### PROVIDED DATA
※ ※ ※

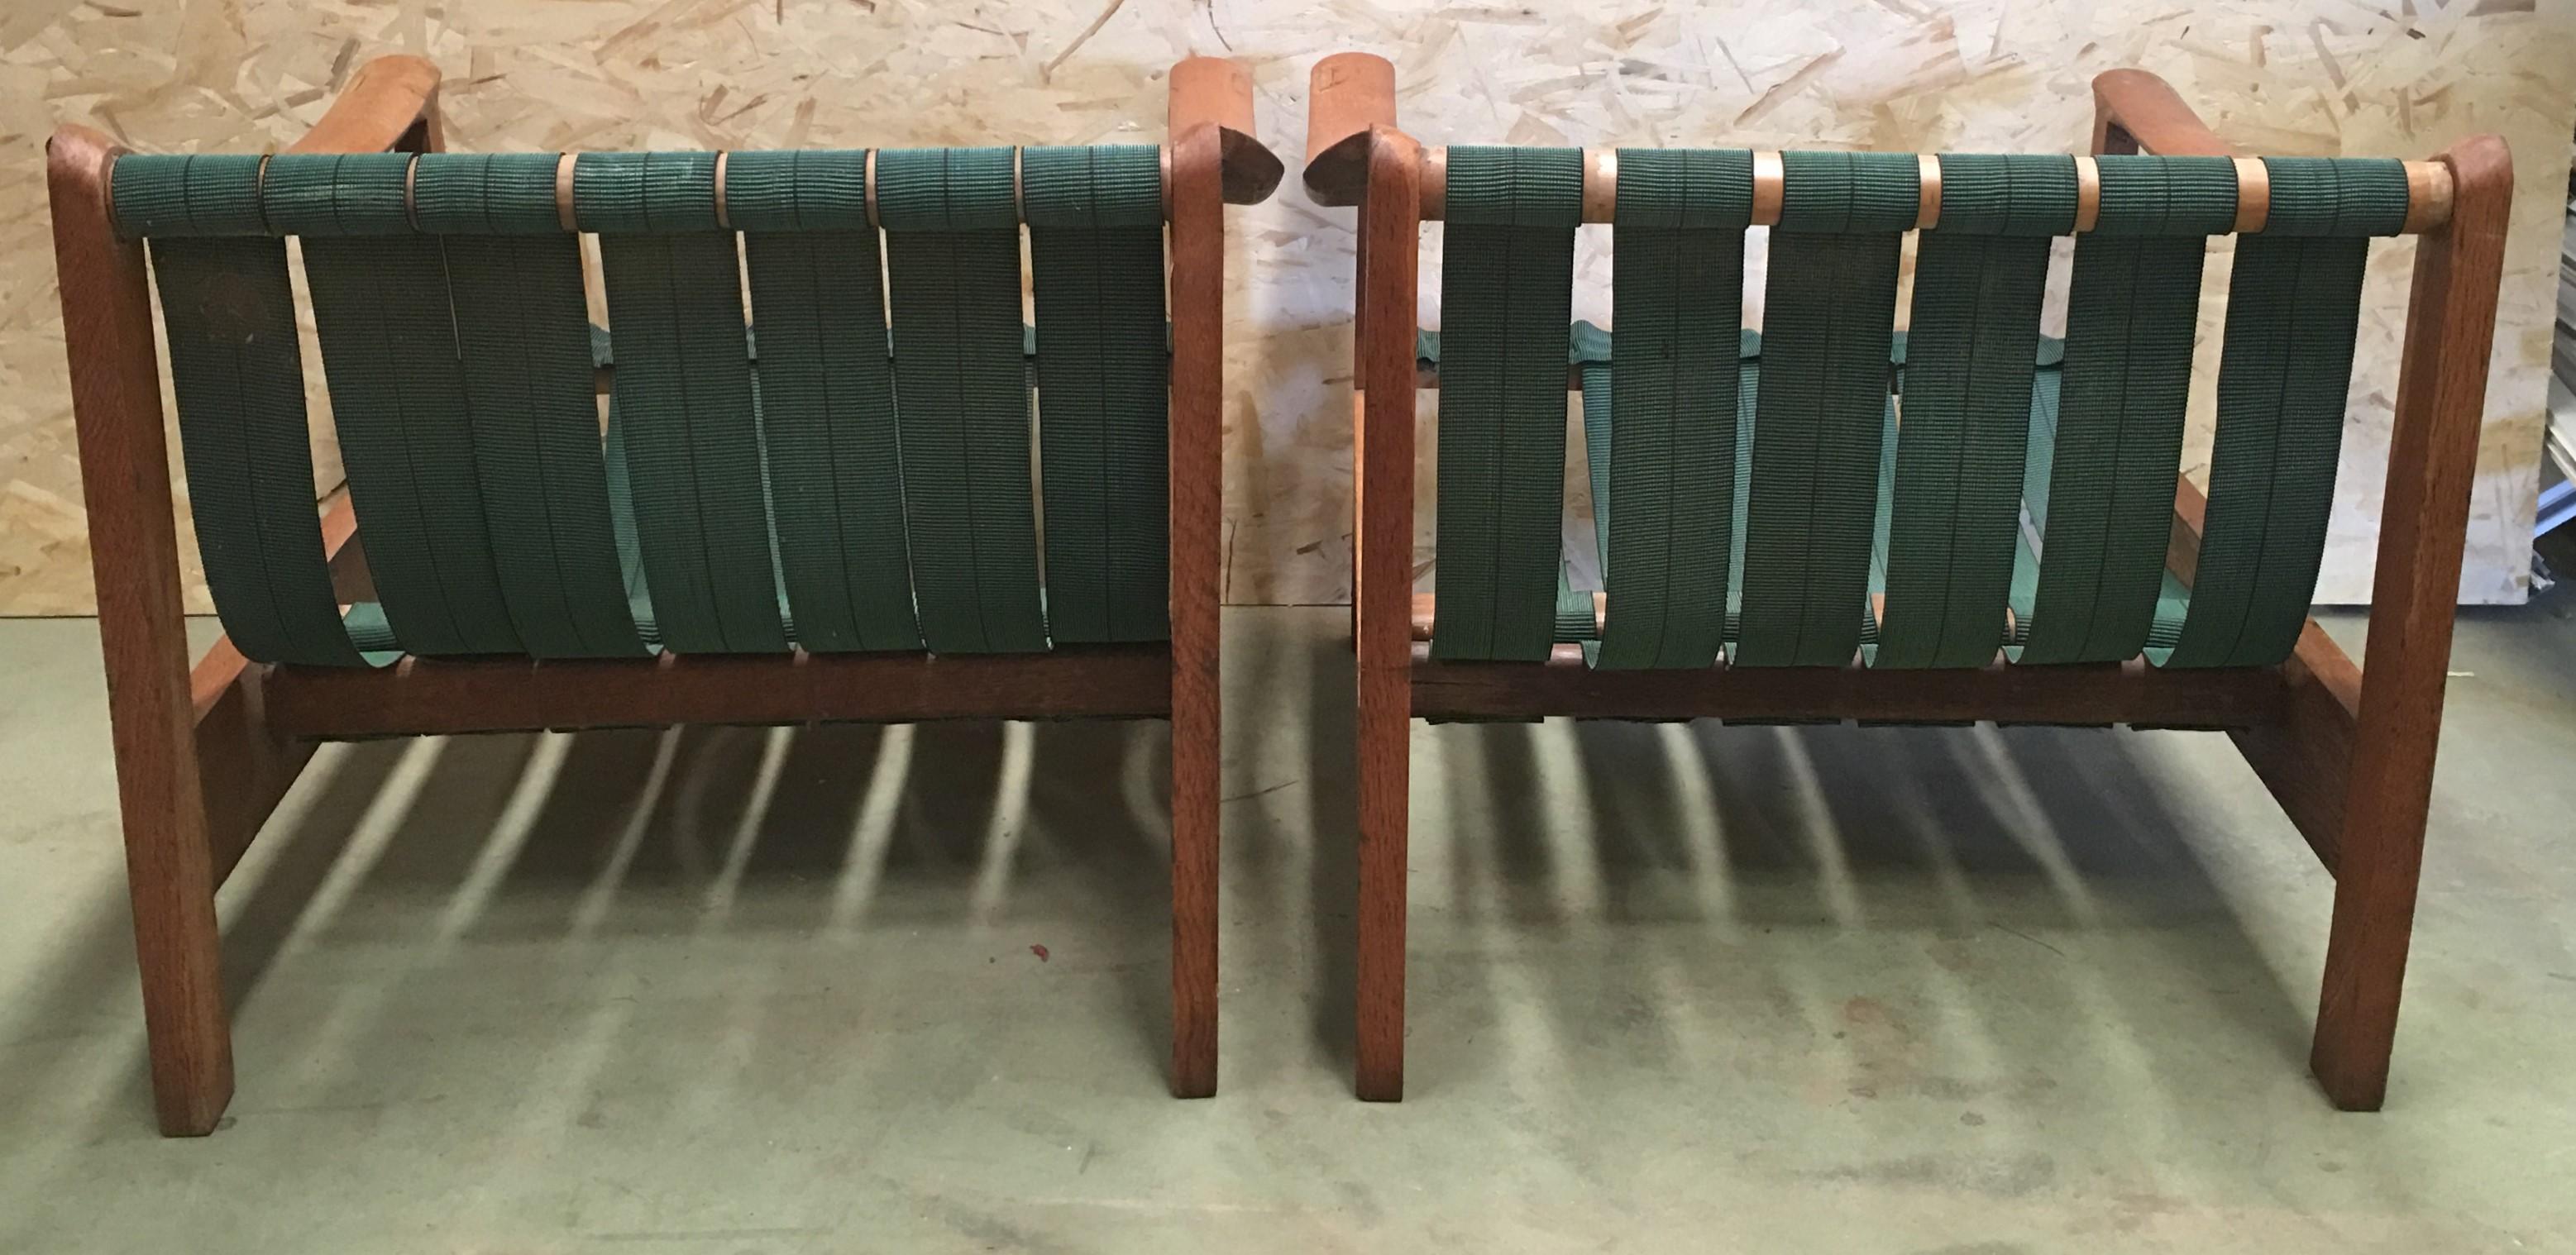 dänische Teakholzsessel aus dem 20. Jahrhundert mit Riemen und Kissen
Dies ist eine einzigartige dänische Sessel verfügt über einen stabilen Teakholzrahmen, Riemen zurück und Sitz, sehr bequemes Sitzen. Das Vintage-Teakholz-Finish, das stilvolle
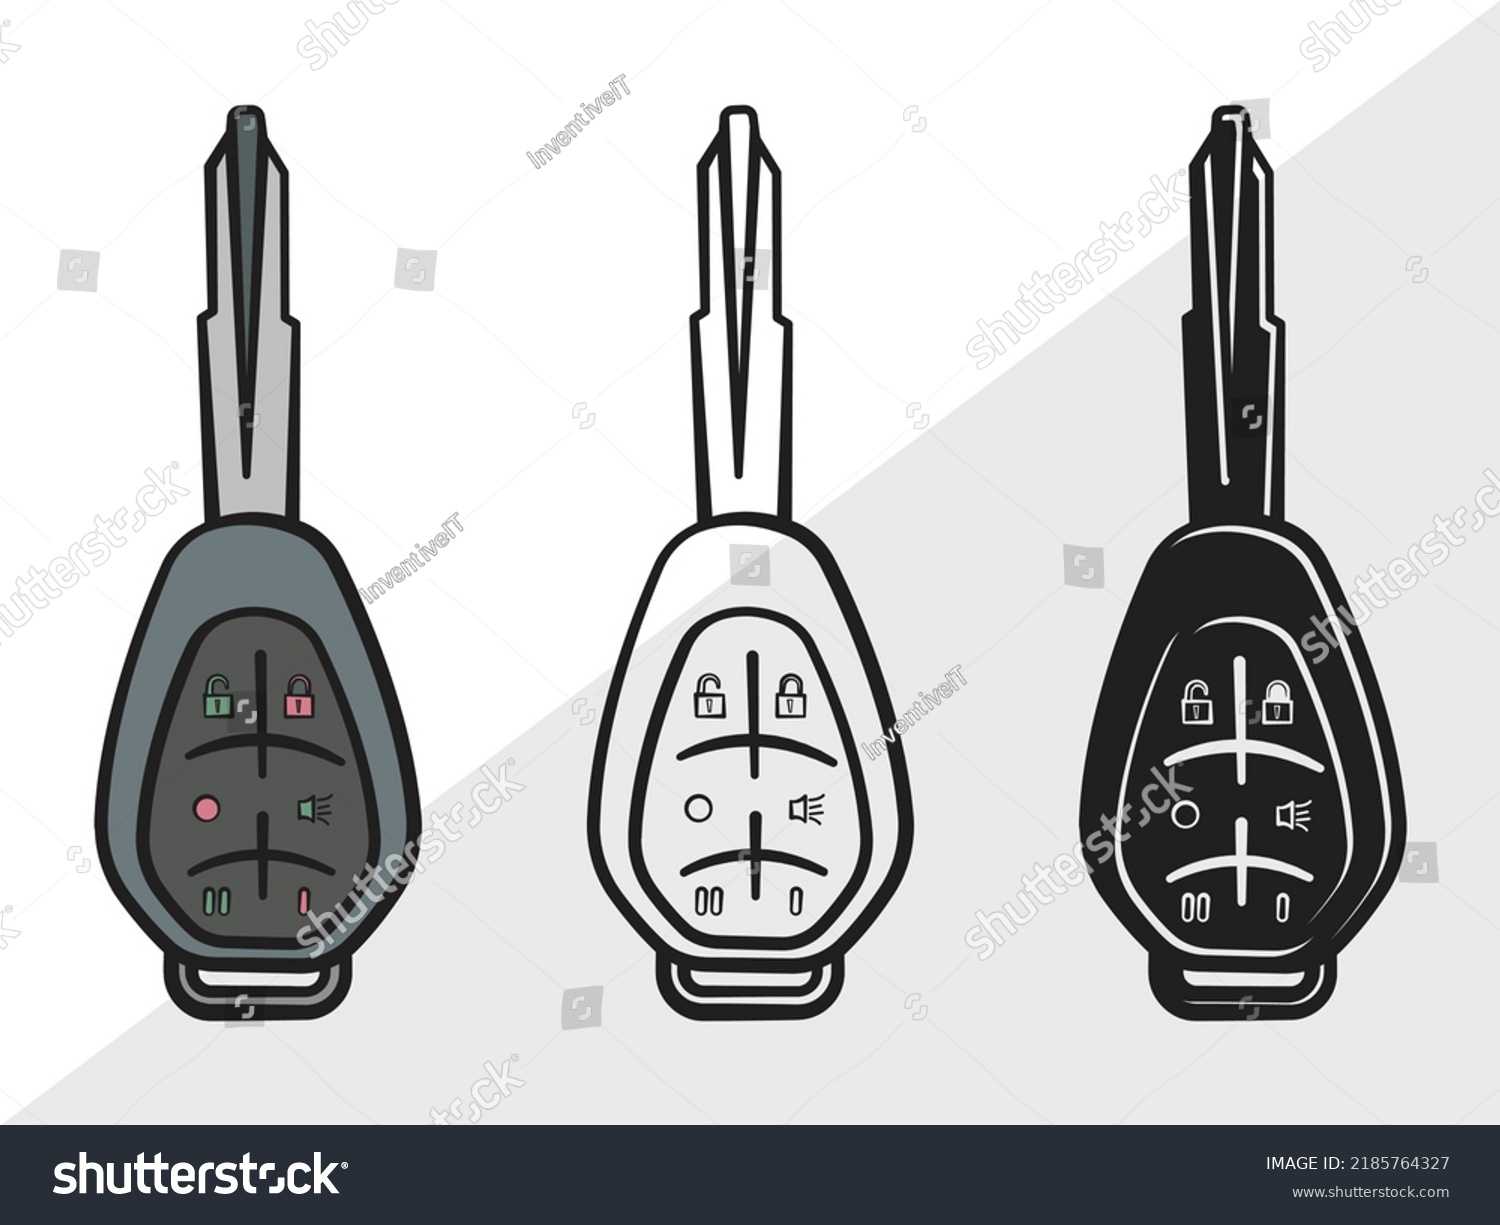 SVG of Car Keys SVG Printable Vector Illustration svg
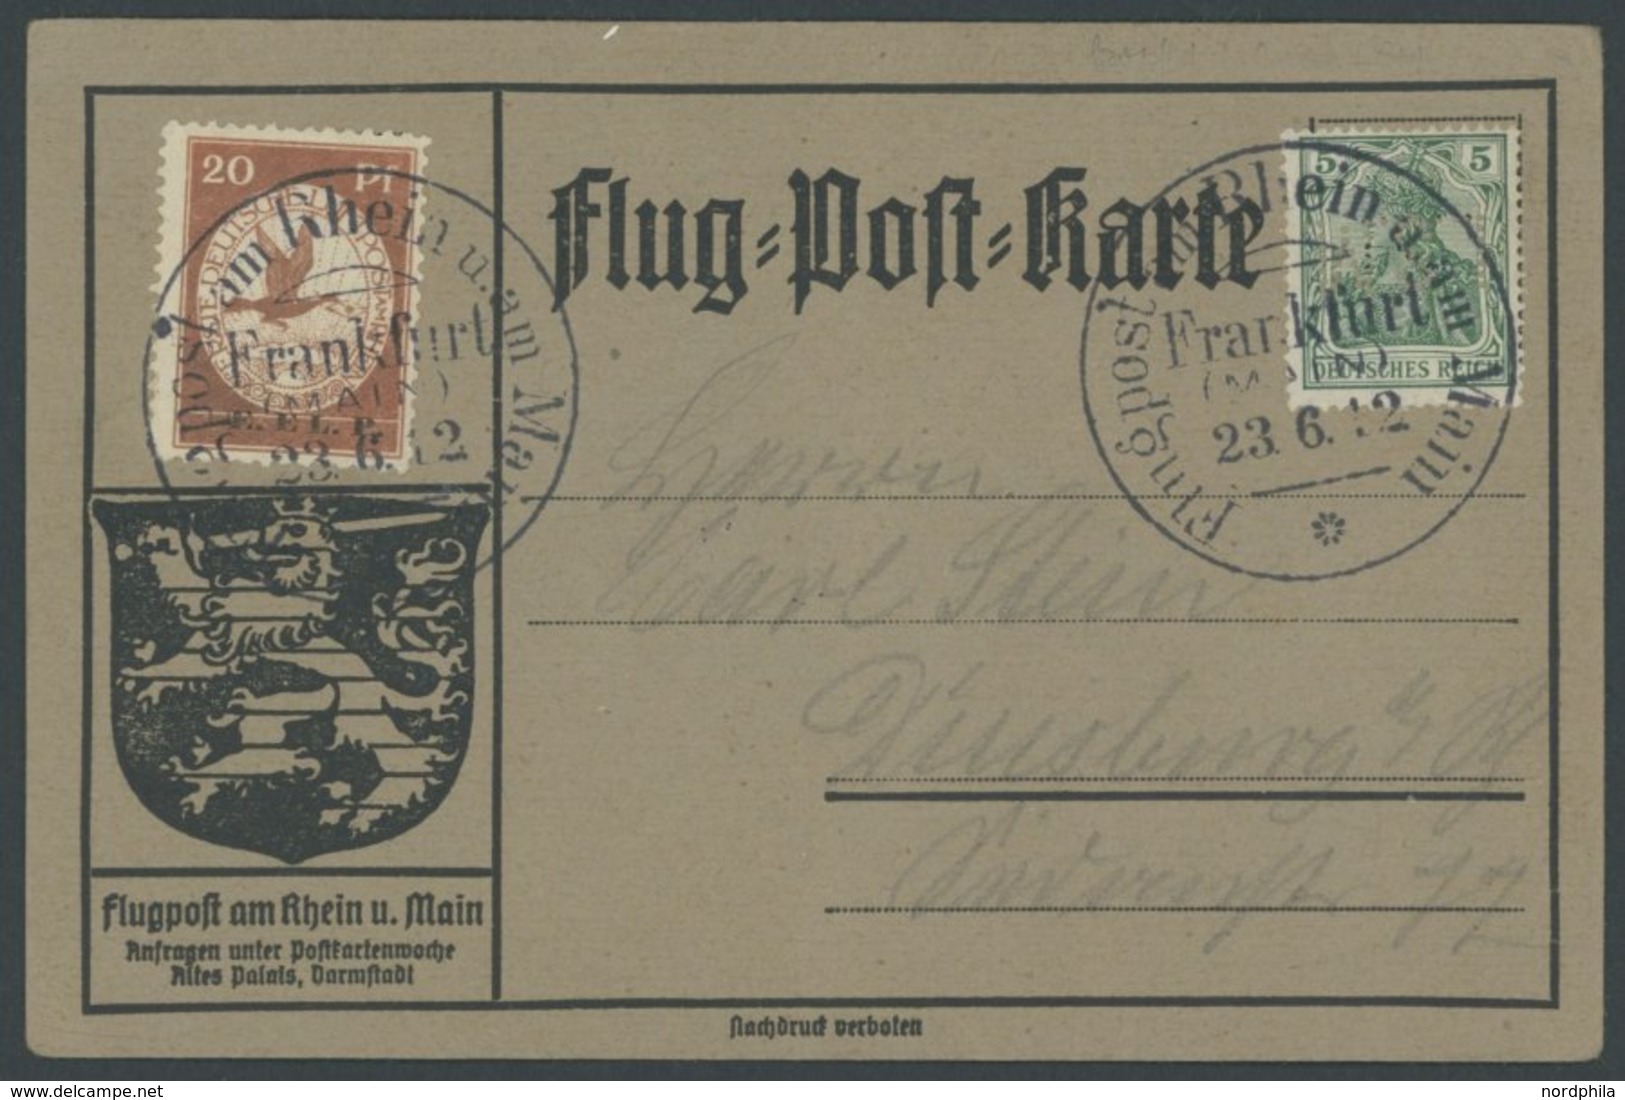 ZEPPELINPOST 15 BRIEF, 1912, 20 Pf. E.L.P. (Farbe Etwas Oxydiert) Auf Flugpostkarte Mit Nur 5 Pf. Zusatzfrankatur, Sonde - Zeppelins

※ ※ ※

### THE PROBLEM
With the pictures removed, output the listing above exactly.

### RESPONSE TO THIS EXERCISE
 dänische Teakholzsessel aus dem 20. Jahrhundert mit Riemen und Kissen
Dies ist eine einzigartige dänische Sessel verfügt über einen stabilen Teakholzrahmen, Riemen zurück und Sitz, sehr bequemes Sitzen. Das Vintage-Teakholz-Finish, das stilvolle
 SVG of Car Keys SVG Printable Vector Illustration svg
 ZEPPELINPOST 15 BRIEF, 1912, 20 Pf. E.L.P. (Farbe Etwas Oxydiert) Auf Flugpostkarte Mit Nur 5 Pf. Zusatzfrankatur, Sonde - Zeppelins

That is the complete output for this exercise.